Отряд, в котором были Стеклянный Глаз и секретарь, всего восемьдесят человек, опоясанные новенькими патронташами, вооруженные винтовками и тремя пулеметами, заняли телеграф. Оттуда по стране и по всему миру были разосланы сообщения, что в городе все спокойно и что войска непоколебимо верны правительству.
Не успели какие-то пригнувшиеся фигуры перебежать через площадь, как из противоположного здания, которое секретарь принял за вокзал, внезапно затрещали пулеметы. Три такси, еще стоявшие между зданиями, поспешно скрылись.
В окнах первого этажа телеграфа появились знакомые маленькие отверстия с звездочкой трещин. Пулеметы стучали не переставая. Телеграф молчал. Здесь еще не успели установить пулеметы, офицер оставался наверху у телеграфного аппарата. Под нижним этажом находился подвал, крытый стеклом, закопченным и совершенно непрозрачным. Секретарь, принявший это потемневшее стекло за деревянный настил, хотел добежать до окна, откуда было удобно обстреливать противника, но провалился по колено и поранил себе подъем правой ноги; осторожно перенеся центр тяжести своего тела и тем самым избежав падения в подвал, он с трудом вытащил застрявшую ногу.
— Первый раненый революционер! — в ярости крикнул он и, хромая, вернулся назад.
— Да у тебя кровь! В тебя стреляли?
— Еще бы, стекло выстрелило… — Его душила злоба.
И так как окружающие спокойно жевали апельсины, секретарь со Стеклянным Глазом установили пулемет и начали поливать врагов огнем. Те не замедлили с ответом. Окно разлетелось.
— Не плохо! — одобрительно заметил секретарь.
Откуда-то слева солдаты и люди, похожие на рабочих, выкатили на площадь легкое орудие и направили его на телеграф.
— Будет жарко, — сказал секретарь и дал очередь из пулемета.
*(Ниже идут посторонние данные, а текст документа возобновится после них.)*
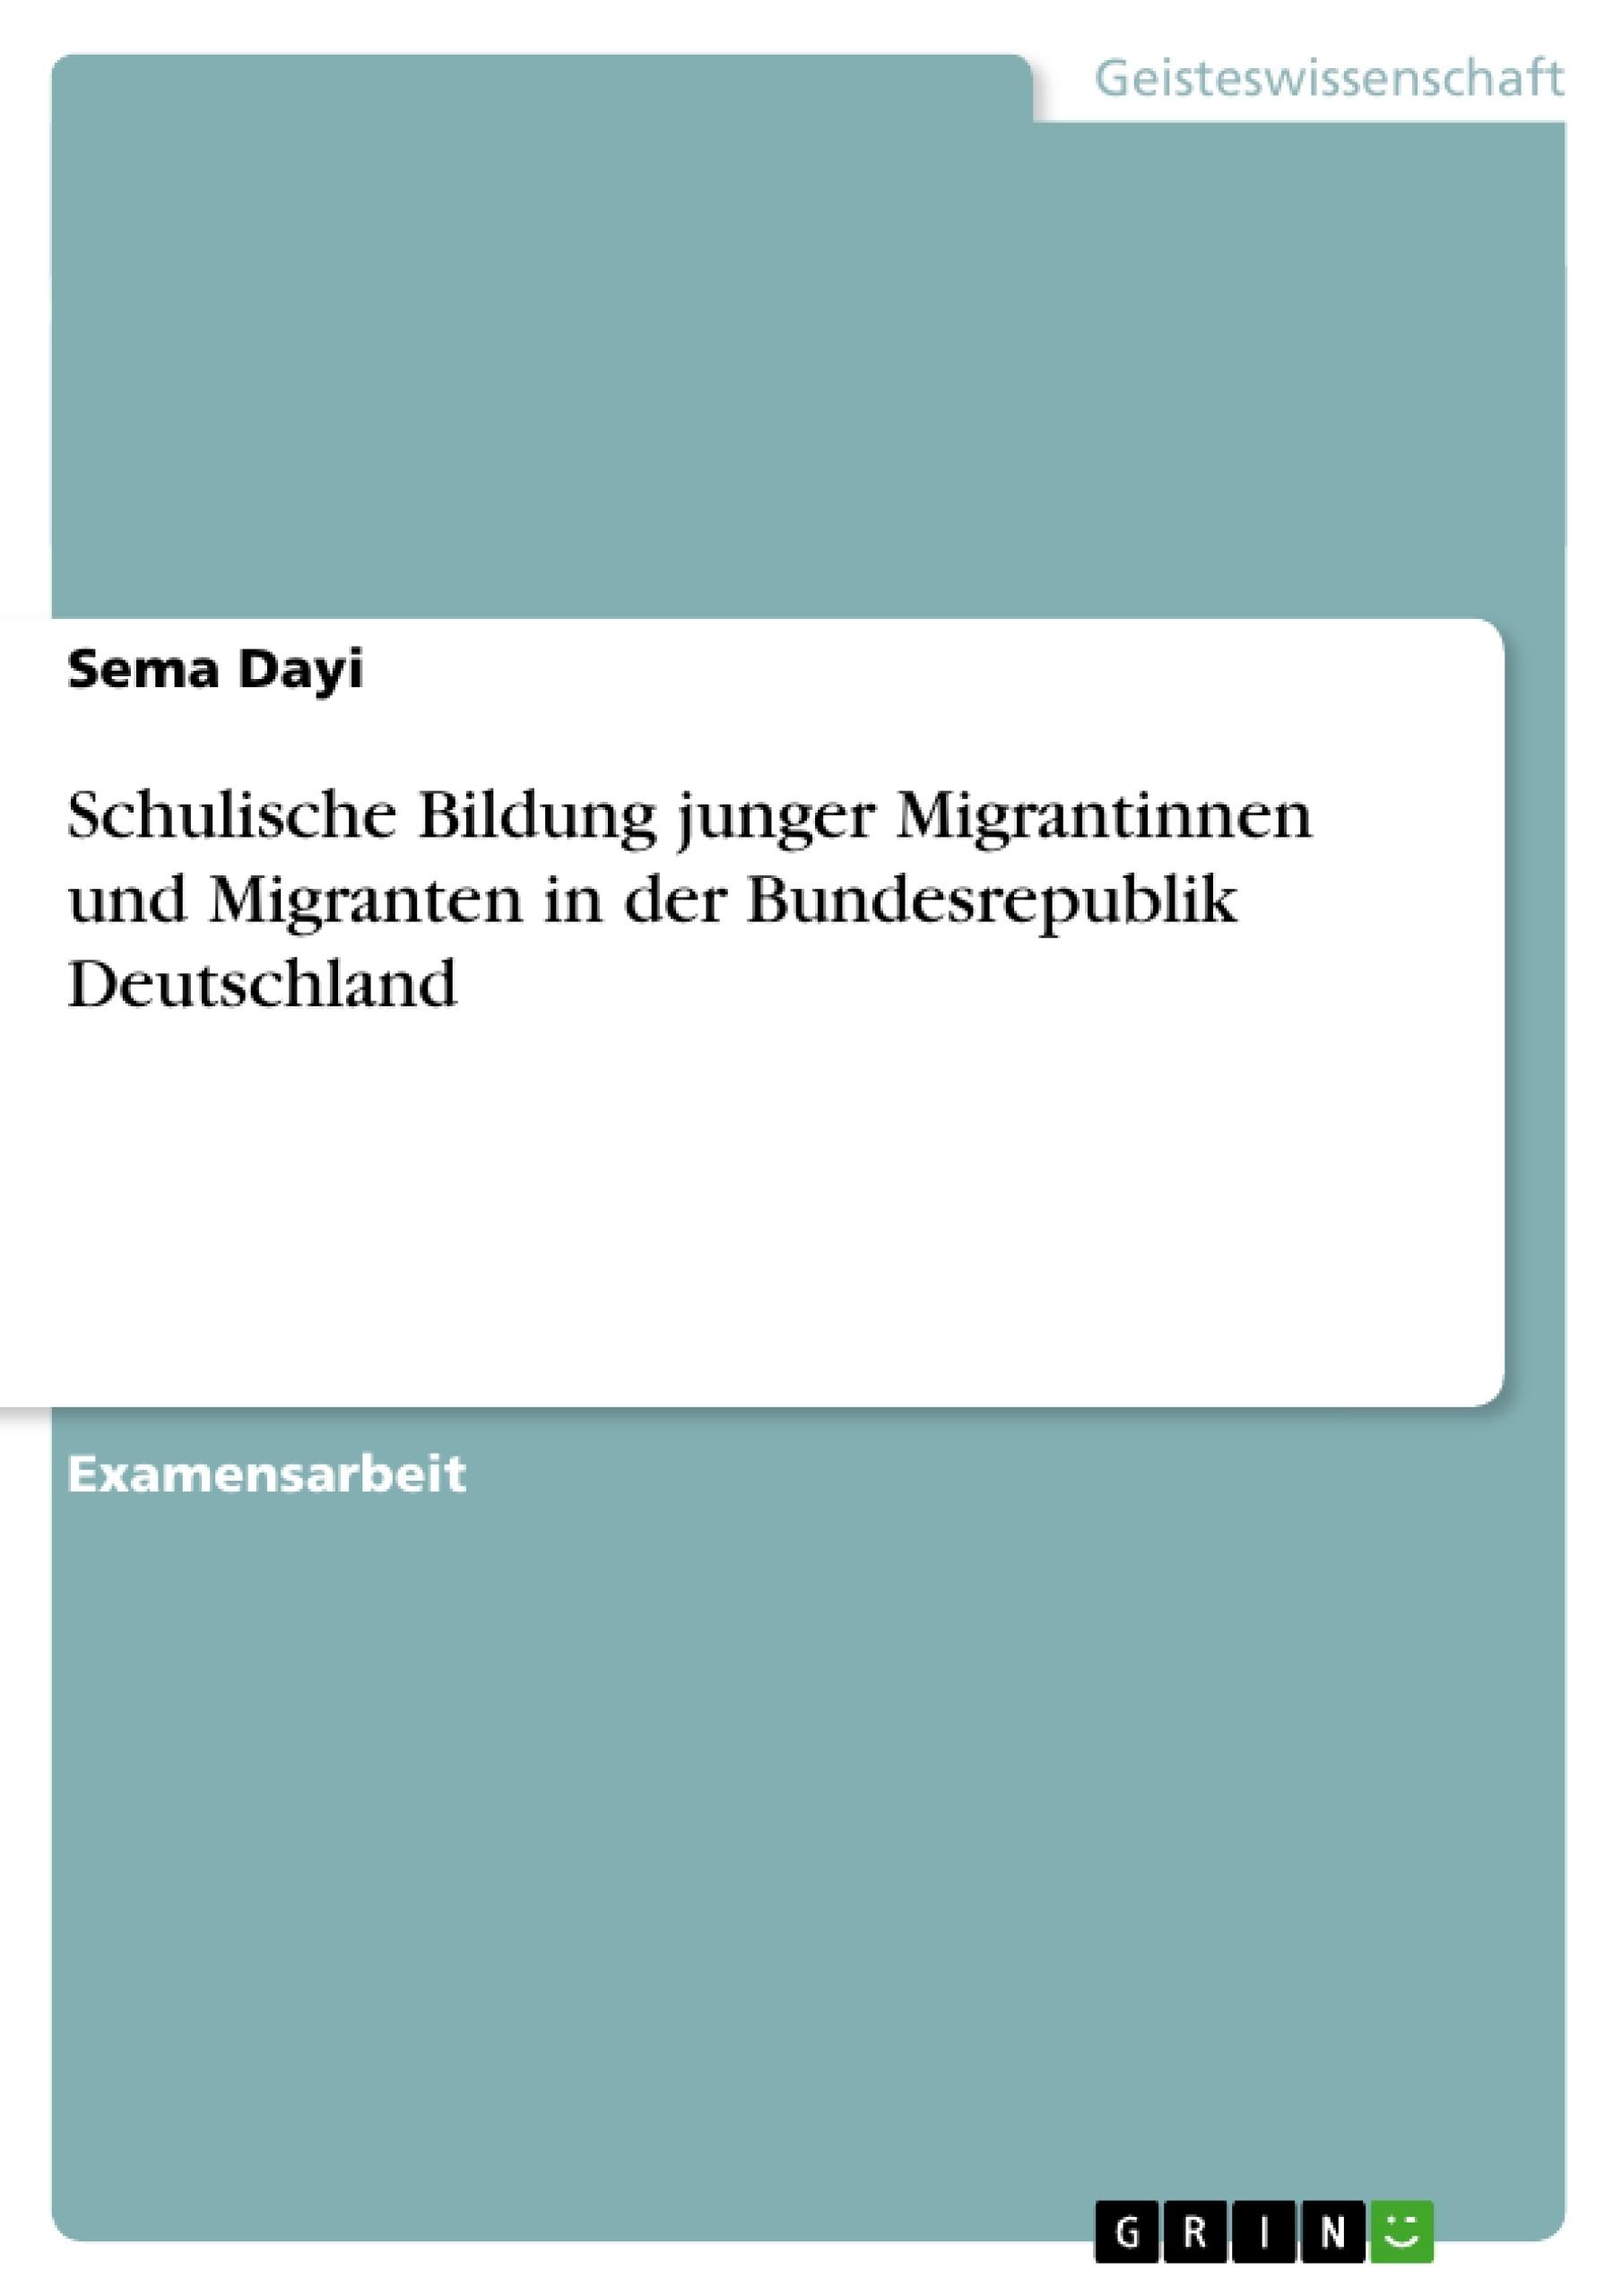 Titel: Schulische Bildung junger Migrantinnen und Migranten in der Bundesrepublik Deutschland

Первый снаряд противника снес толстенный чугунный фонарный столб перед телеграфом. Среди воцарившейся вслед за тем тишины над головами Стеклянного Глаза и секретаря внезапно раздался топот многих ног. Выстрелы слышались уже внутри здания, верхние этажи которого были заняты противником, ворвавшимся через боковой вход.
В то время как двое друзей продолжали стрелять из пулемета, их сотоварищи уже подняли руки, сдаваясь противнику: солдатам и рабочим.
Долговязый рабочий, который сорвал митинг ученого, накинулся сзади на стоявшего на коленях и стрелявшего секретаря и, оторвав его от пулемета, повалил на пол.
Три хорошо одетых господина приказали связать руки Стеклянному Глазу и секретарю, которые только теперь поняли, что сражались на стороне правительства.
Секретарь, не знавший, смеяться ему или плакать, коротко сказал:
— Обидно.
Стеклянный Глаз пытался разъяснить недоразумение. Никто не понял его. Связанных повели через площадь мимо победоносных портовых рабочих и их орудия прямо в тюрьму.
Часом позже три хорошо одетых господина сообщили всему миру о победе революции.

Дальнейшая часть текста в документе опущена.